В полдень, 21-го июня, мы пустились по известной дороге из Выборгской заставы. Не роскошные окрестности! Природа с великим усилием в болоте насадила печальные ели; жители их выжигают. Дымный запах, бледное небо, скрипучий песок – всё это не располагает странников к приятным впечатлениям. Подымаемся на пригорок и на другой (кажется, на шестой версте); лошадям тяжело, но душе легче, просторнее. Отсюда взор блуждает по бесконечной поверхности лесной чащи. Те же ели, но под скудною тенью их редких ветвей, в их тощей зелени, в бездушных иглах нет отрады, теперь же, с крутизны холма, пирамидальные верхи их сглажены, особенности исчезли; под нашими ногами засинелся лес одной полосой, далеко протяженною, и вид неизмеримости сообщает душе гордые помышления. – В сообществе равных нам, высших нас, так точно мы, ни ими, ни собою не довольные, возносимся иногда парением ума над целым человечеством, и как величественна эта зыбь вековых истин и заблуждений, которая отовсюду простирается далеко за горизонт нашего зрения!
Другого рода мысли и чувства возбуждает, несколько верст далее, влево от большой дороги, простота деревенского храма. Одинок, и построен на разложистом мысе, которого подножие омывает тихое озеро; справа ряд хижин, но в них не поселяне. Нежная белизна красавиц и торопливость их услужников напоминают… не знаю именно, о чем; но здесь они менее озабочены чинами всякого рода.
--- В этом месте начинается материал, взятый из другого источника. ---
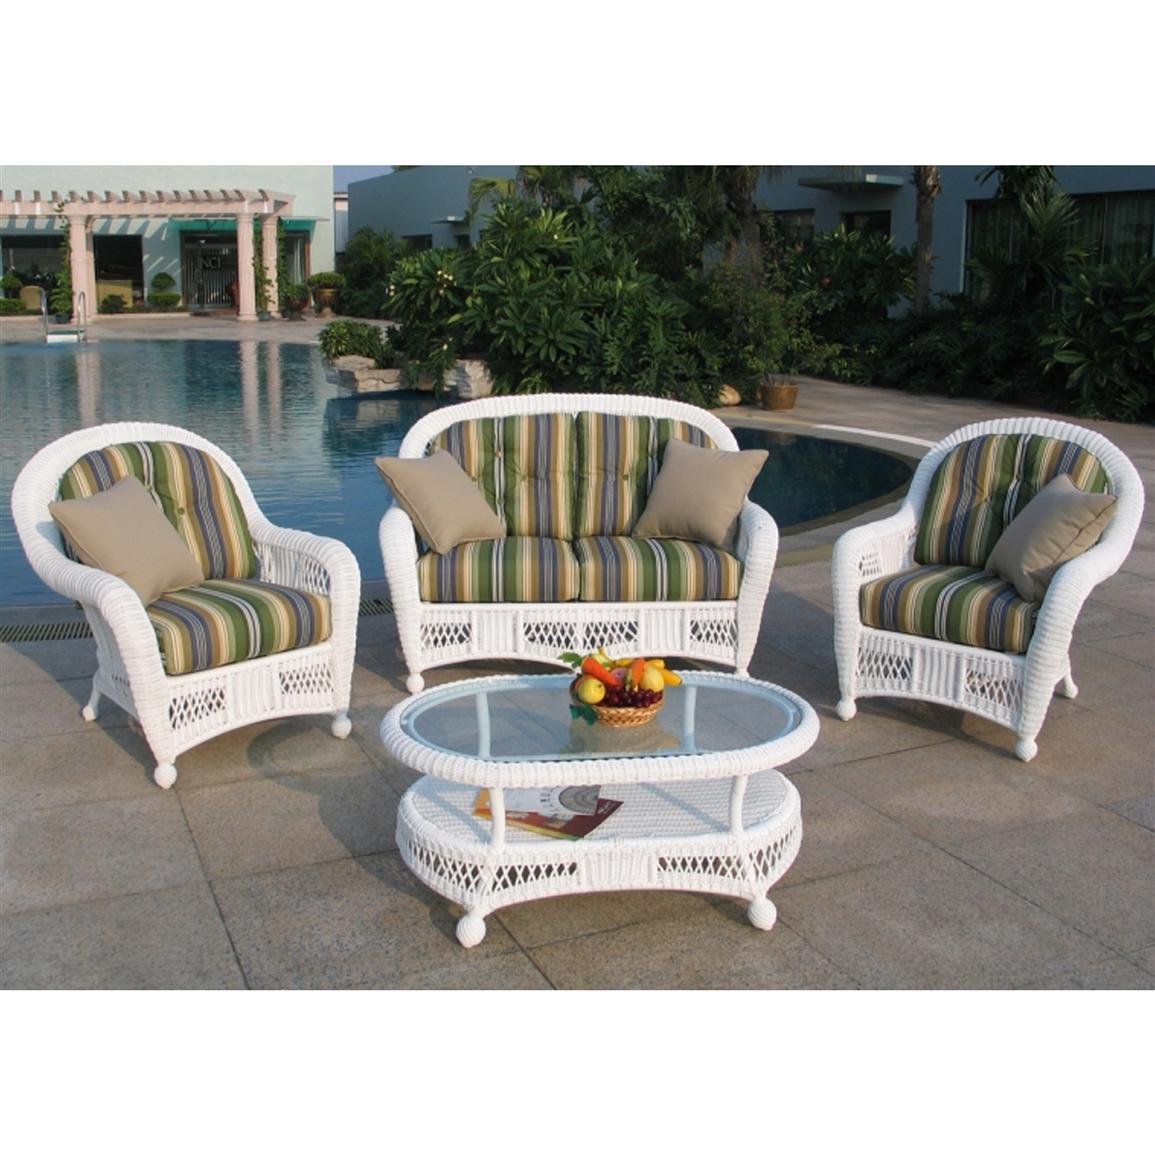 Chicago Wicker® Montego 4 - Pc. Wicker Patio Furniture Collection

Вот и край наших желаний. Всё выше и выше, места картинные: мирные рощи, дубы, липы, красивые сосны, то по нескольку вместе стоят среди спеющей нивы, то над прудом, то опоясывают собою ряд холмов; под их густою сению дорога завивается до самой вершины, – доехали.
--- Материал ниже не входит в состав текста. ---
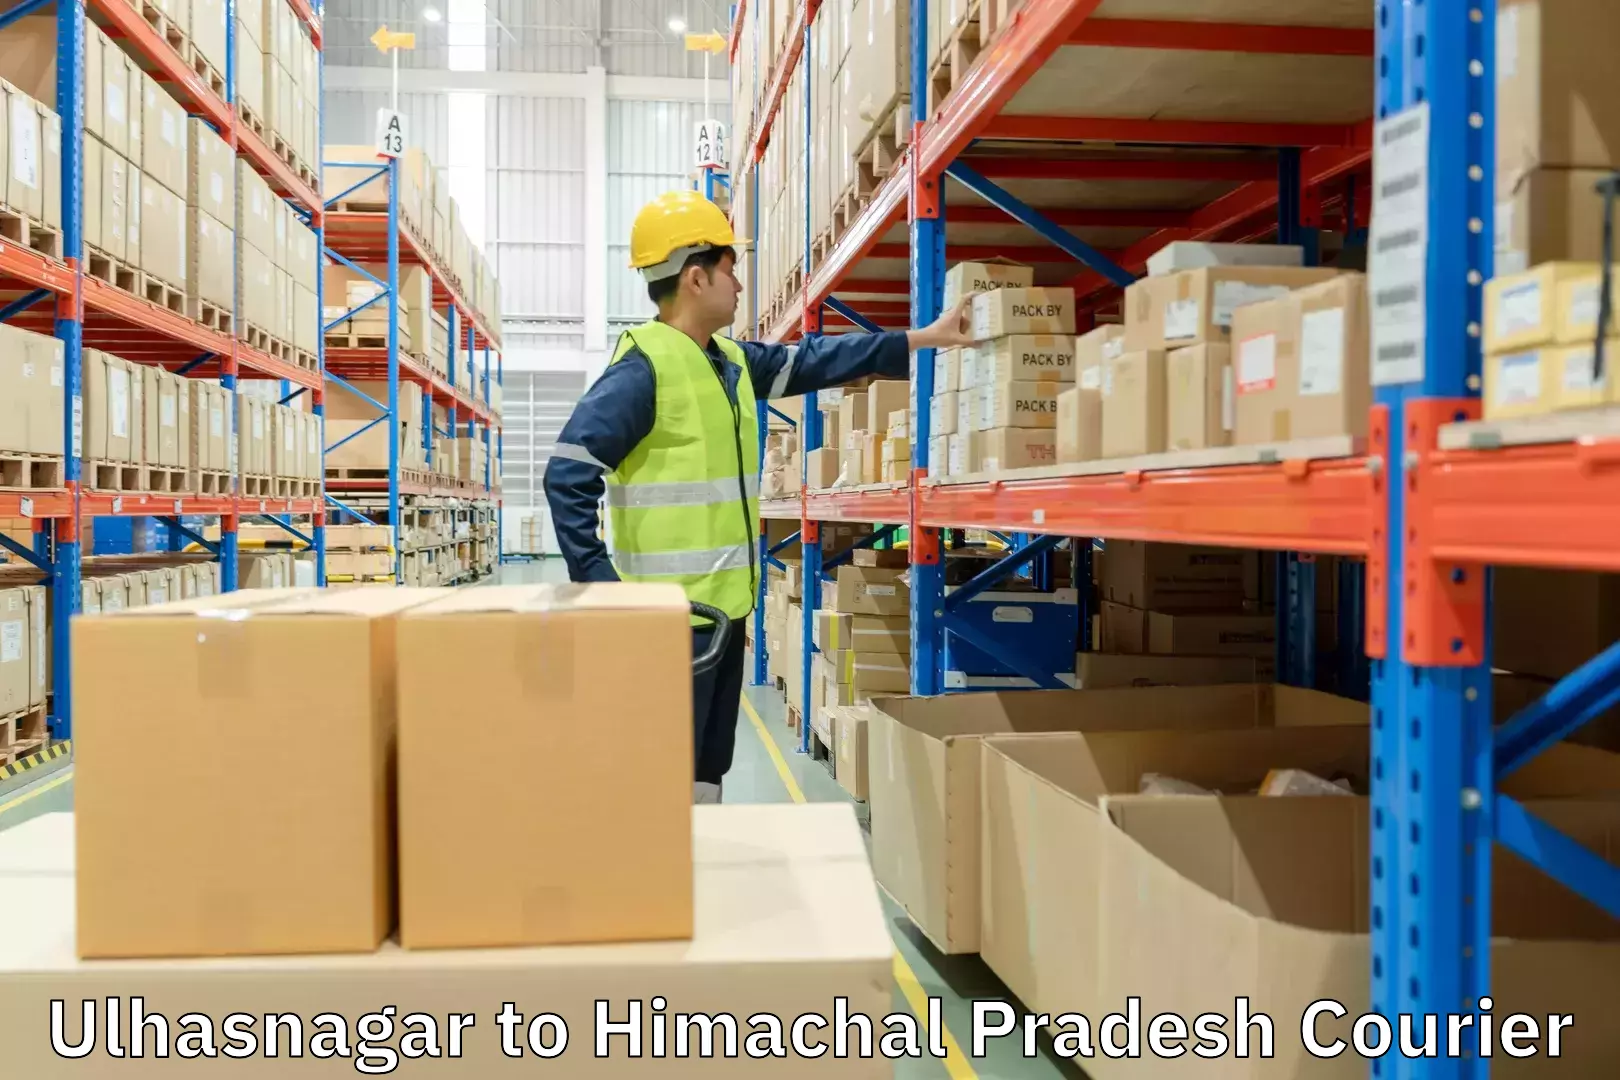 Next-day delivery options Ulhasnagar to Himachal Pradesh

Тут всякий спешит на дерновую площадку, на которую взбегают уступами, со стороны сада. Сквозь расчищенный просек виднеются вдали верхи башен петербургских. Так рассказывают, но мы ничего не видали. Наше зрелище ограничивалось тем живописным озером, мимо которого сюда ехали; далее всё было подернуто сизыми парами; и вот одно ожидание рушилось, как идея поэта часто тускнеет при неудачном исполнении. В замену изящной отдаленности, мы любовались тем, что было ближе. Под нами, на берегах тихих вод, в перелесках, в прямизнах аллей, мелькали группы девушек; мы пустились за ними, бродили час, два; вдруг послышались нам звучные плясовые напевы, голоса женские и мужские, с того же возвышения, где мы прежде были. Родные песни! Куда занесены вы с священных берегов Днепра и Волги? – Приходим назад: то место было уже наполнено белокурыми крестьяночками в лентах и бусах; другой хор из мальчиков; мне более всего понравились двух из них смелые черты и вольные движения. Прислонясь к дереву, я с голосистых певцов невольно свел глаза на самих слушателей-наблюдателей, тот поврежденный класс полу-европейцев, к которому и я принадлежу. Им казалось дико всё, что слышали, что видели: их сердцам эти звуки невнятны, эти наряды для них странны. Каким черным волшебством сделались мы чужие между своими! Финны и тунгусы скорее приемлются в наше собратство, становятся выше нас, делаются нам образцами, а народ единокровный, наш народ разрознен с нами, и навеки! Если бы каким-нибудь случаем сюда занесен был иностранец, который бы не знал русской истории за целое столетие, он конечно бы заключил из резкой противоположности нравов, что у нас господа и крестьяне происходят от двух различных племен, которые не успели еще перемешаться обычаями и нравами.